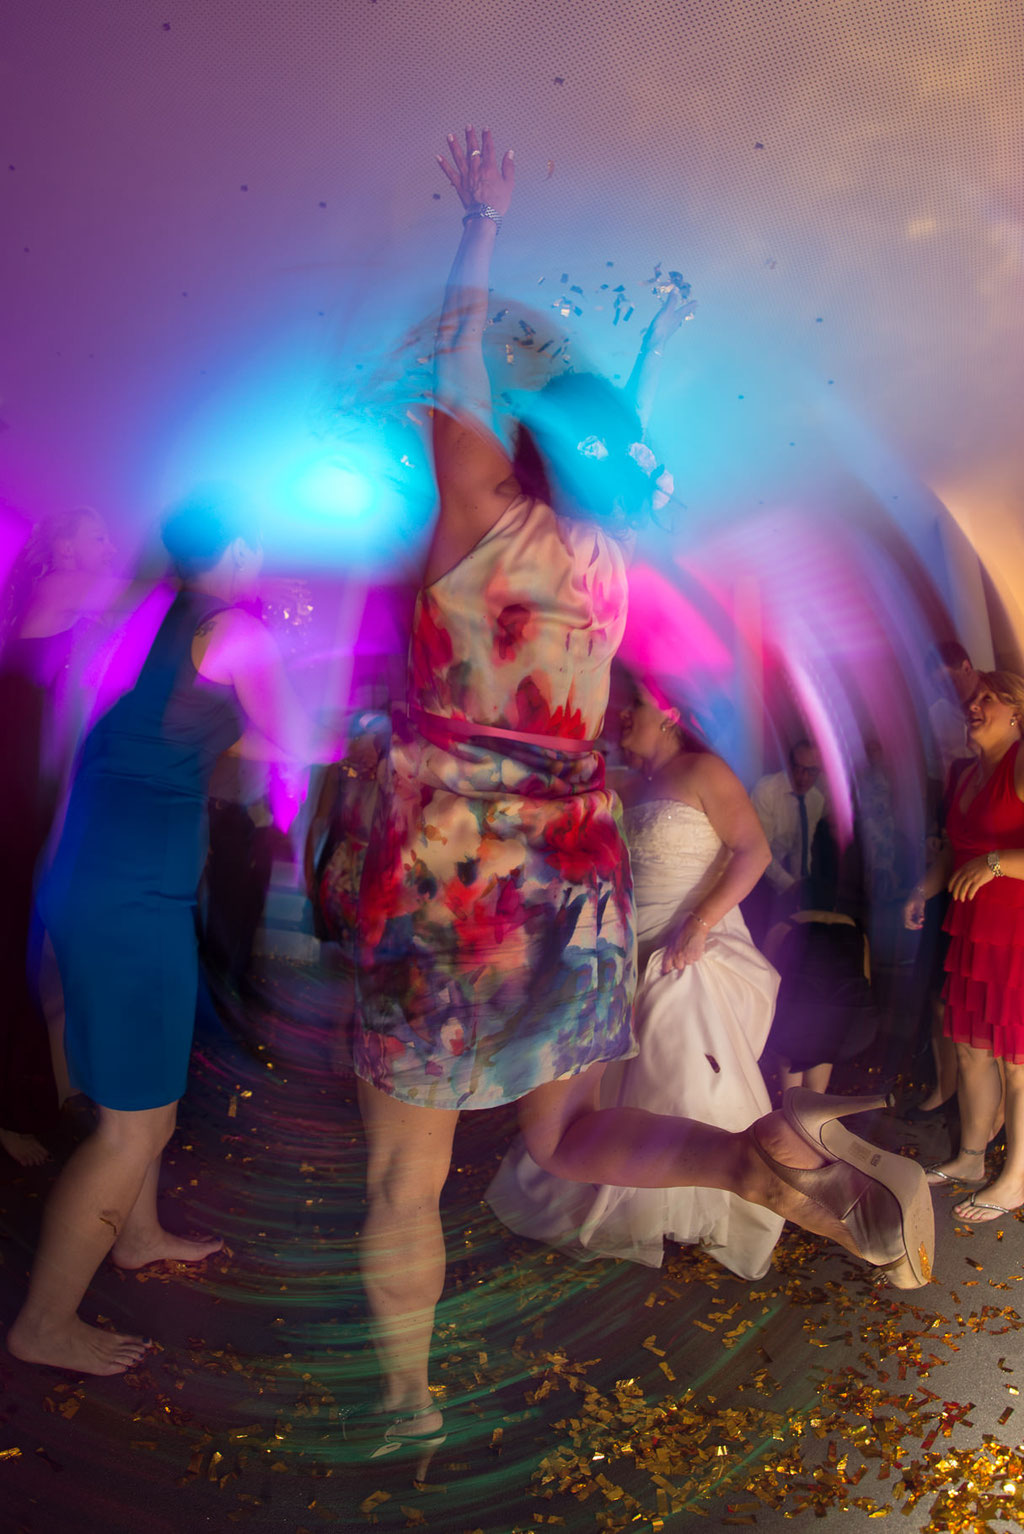 Hochzeitsfotograf Rhein Main - Hochzeitsparty ist in vollem Gang, tanzende Menschen
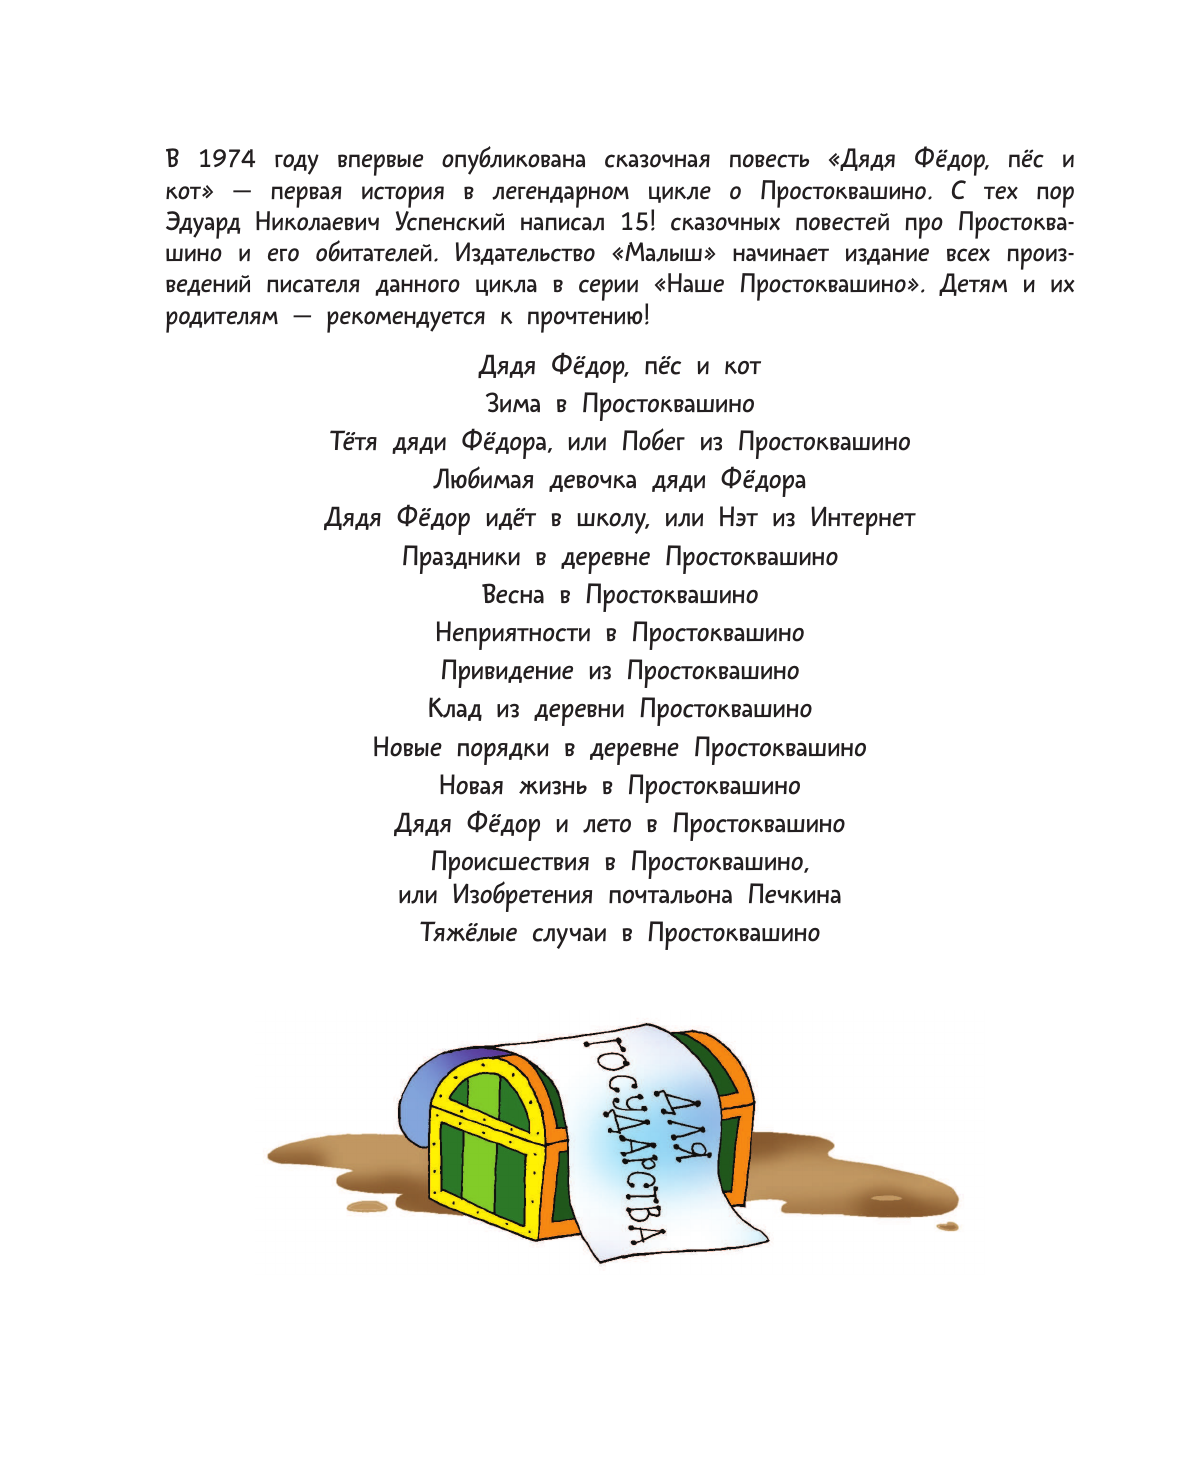 Успенский Эдуард Николаевич Клад из деревни Простоквашино - страница 2
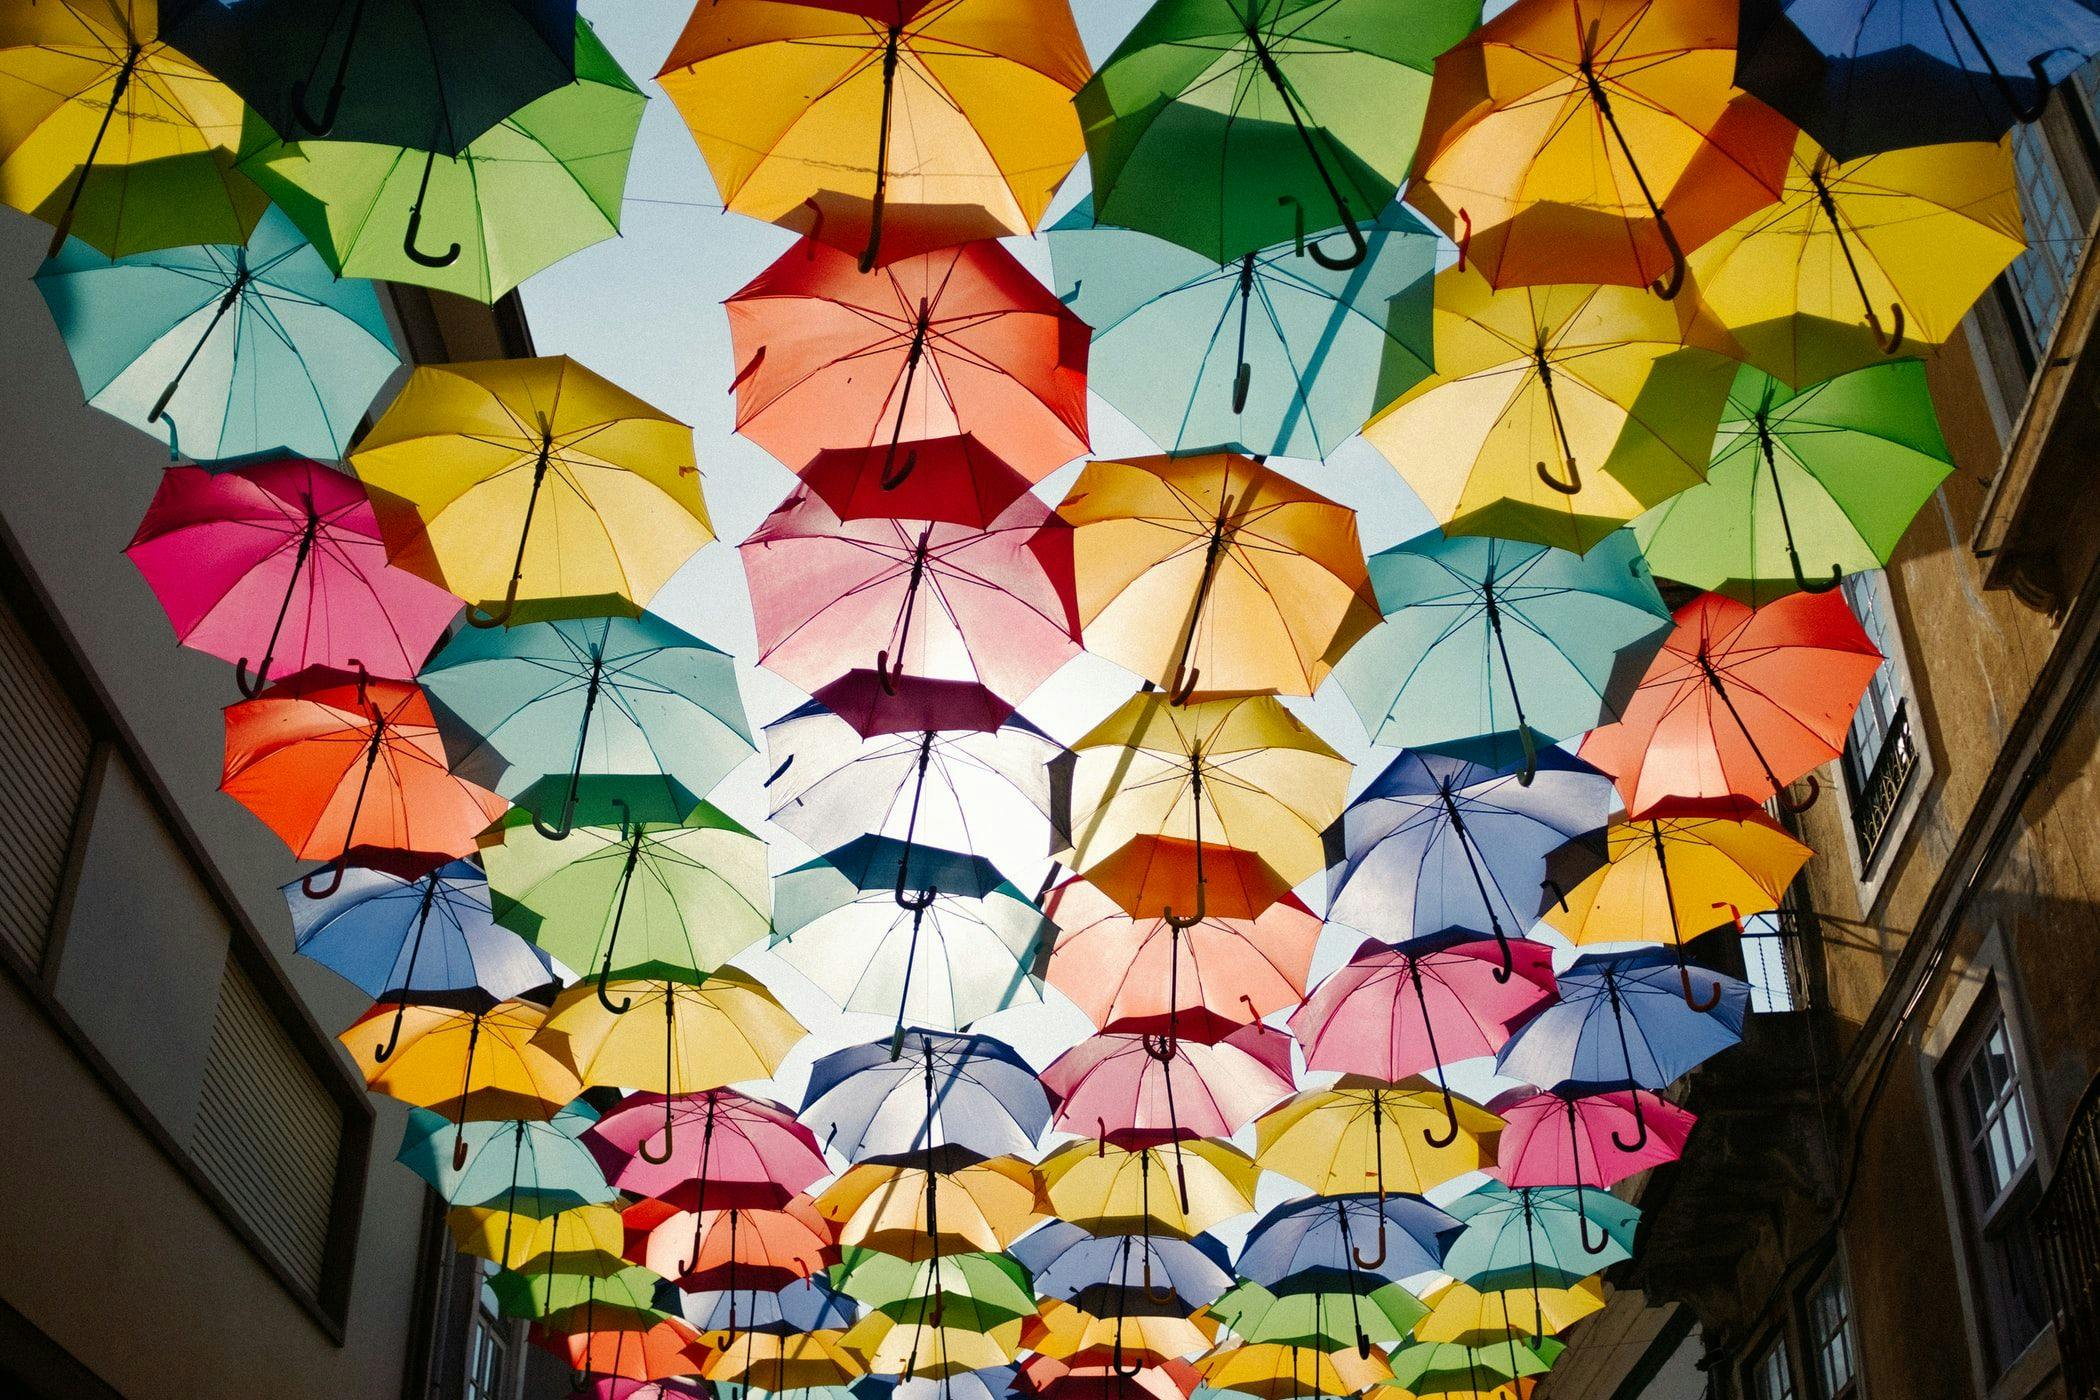 Umbrella.jpeg

## [WORK INSTRUCTIONS]
Would you please transcribe the listing in full, exactly, while omitting the images?

## [FINISHED TASK]
 Hochzeitsfotograf Rhein Main - Hochzeitsparty ist in vollem Gang, tanzende Menschen
 Успенский Эдуард Николаевич Клад из деревни Простоквашино - страница 2
 Umbrella.jpeg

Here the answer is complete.